One sample in the dataset corresponds to one episode. 
An episode consists of one attempt at unfolding a piece of hanging cloth by grasping it at a human-annotated point.

A sample directory contains the following files:

In [None]:
sample_dir = dataset_dir / "sample_000000"

for f in os.listdir(sample_dir):
    print(emoji(sample_dir, f), f)

One sample thus contains two observations, the **start** and **result**, a **grasp** annotation and a video of the episode.

* 🔎 The **start** observation is taken after the cloth has been grasped by its lowest point.
* 🔎 The **result** observation is taken after the attempt to unfold it.
* 👉 The **grasp** pose annotation used to unfold the garment, currently these are human-annotated.
* 🎥 The **video** of the entire episode.

Participants of the ICRA 2024 Cloth Competition will be asked to predict a good **grasp**, given the **start** observation.

The grasp will be evaluated based on the **result** observation (using the surface area of cloth).

## 2. Start Observation 🔎

In this section we explore some of the data contained in the start observation.

In [None]:
observation_start_dir = sample_dir / "observation_start"

observation = load_competition_observation(observation_start_dir)
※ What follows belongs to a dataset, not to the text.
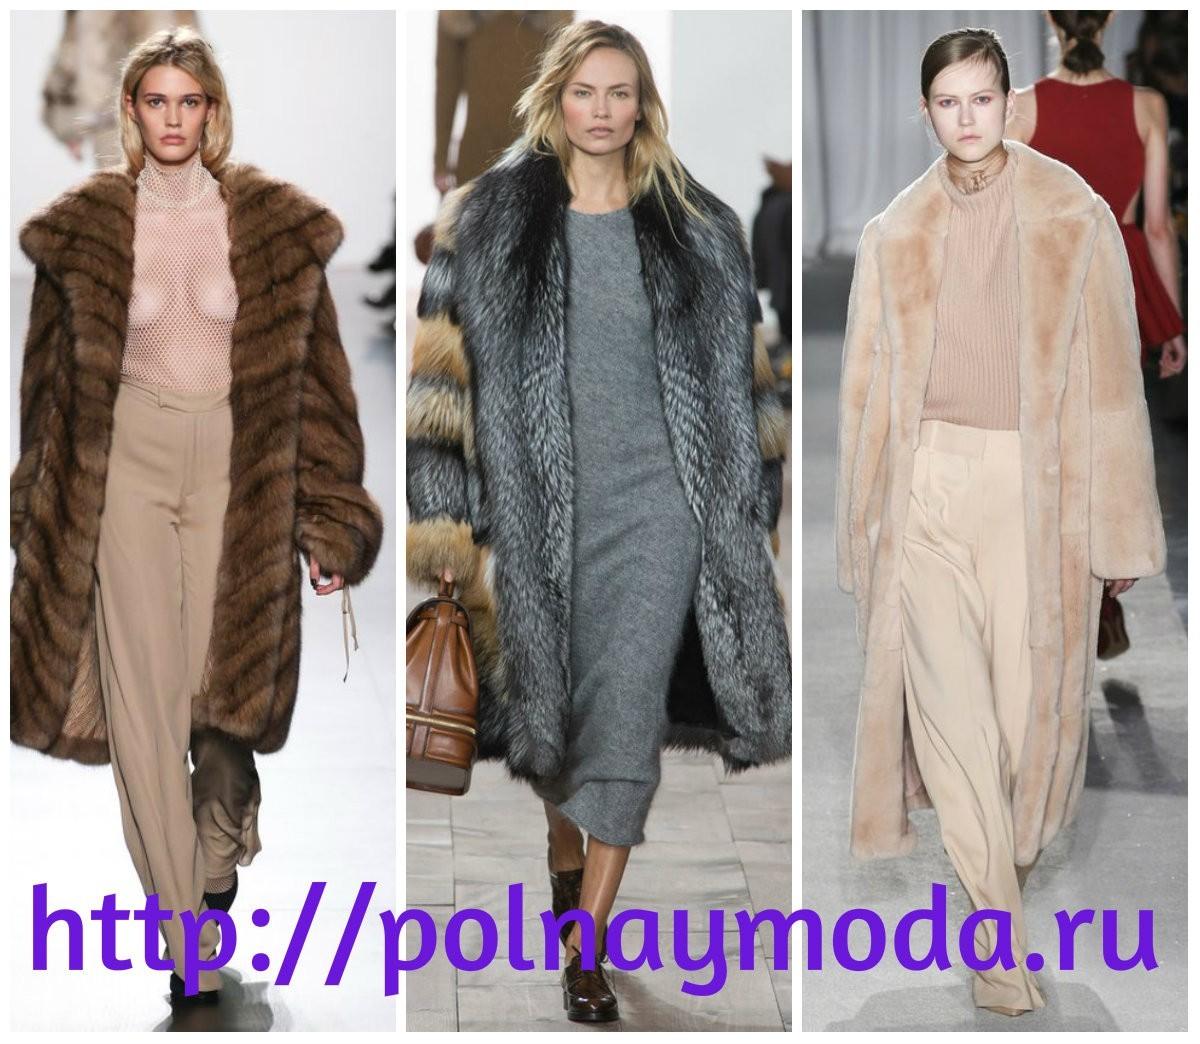 Шуба-халат из меха, мода 2018

print("Overview of the fields in an Cloth Competition Observation:")
for field in fields(observation):
    field_name = field.name + ":"
    field_value = getattr(observation, field.name)
    if isinstance(field_value, np.ndarray):
        print(f" - {field_name:<34} np.ndarray {field_value.shape} {field_value.dtype}")
    else:
        print(f" - {field_name:<34} {field.type}")

In [None]:
grasp_dir = sample_dir / "grasp"

for f in os.listdir(grasp_dir):
    print(emoji(grasp_dir, f), f)

In [None]:
grasp_pose_file = grasp_dir / "grasp_pose.json"
grasp_annotation_file = grasp_dir / "grasp_annotation.json"
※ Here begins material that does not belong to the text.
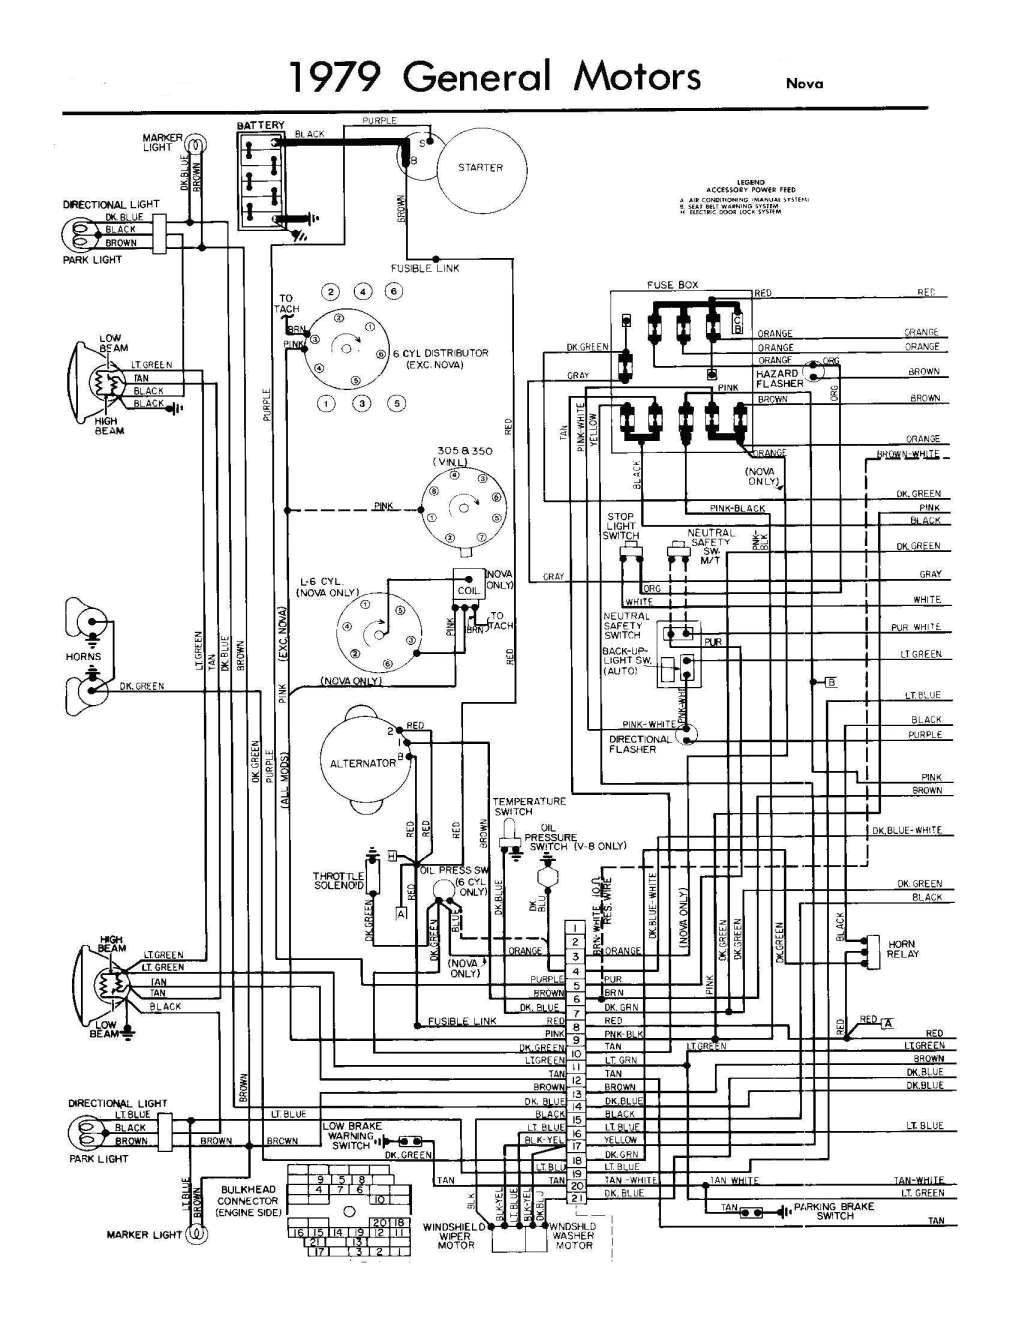 1974 Chevy C10 Wiring Diagram Gmc Truck Wiring Wiring Diagram Data

with open(grasp_pose_file, "r") as f:
    grasp_pose = Pose.model_validate_json(f.read()).as_homogeneous_matrix()


with open(grasp_annotation_file, "r") as f:
    grasp_annotation = GraspAnnotation.model_validate_json(f.read())

with np.printoptions(precision=3, suppress=True):
    print("Grasp pose:\n", grasp_pose)
    print("\nGrasp annotation:\n", grasp_annotation)

## 4. Result Observation 🎉

In [None]:
observation_result_dir = sample_dir / "observation_result"

observation_result = load_competition_observation(observation_result_dir)

plt.figure(figsize=(10, 5))
plt.imshow(observation_result.image_left)
plt.title("Result: image of cloth after grasping and stretching")
plt.show()

ℹ️ The precise calculation of the evaluation metric will be released at a later date.

## 5. Coordinate frames 📐

In [None]:
X_W_C = observation.camera_pose_in_world
X_W_TCPL = observation.arm_left_tcp_pose_in_world
X_W_TCPR = observation.arm_right_tcp_pose_in_world
X_W_LB = observation.arm_left_pose_in_world
X_W_RB = observation.arm_right_pose_in_world
intrinsics = observation.camera_intrinsics

X_W_GRASP = grasp_pose

image_bgr = cv2.cvtColor(observation.image_left, cv2.COLOR_RGB2BGR)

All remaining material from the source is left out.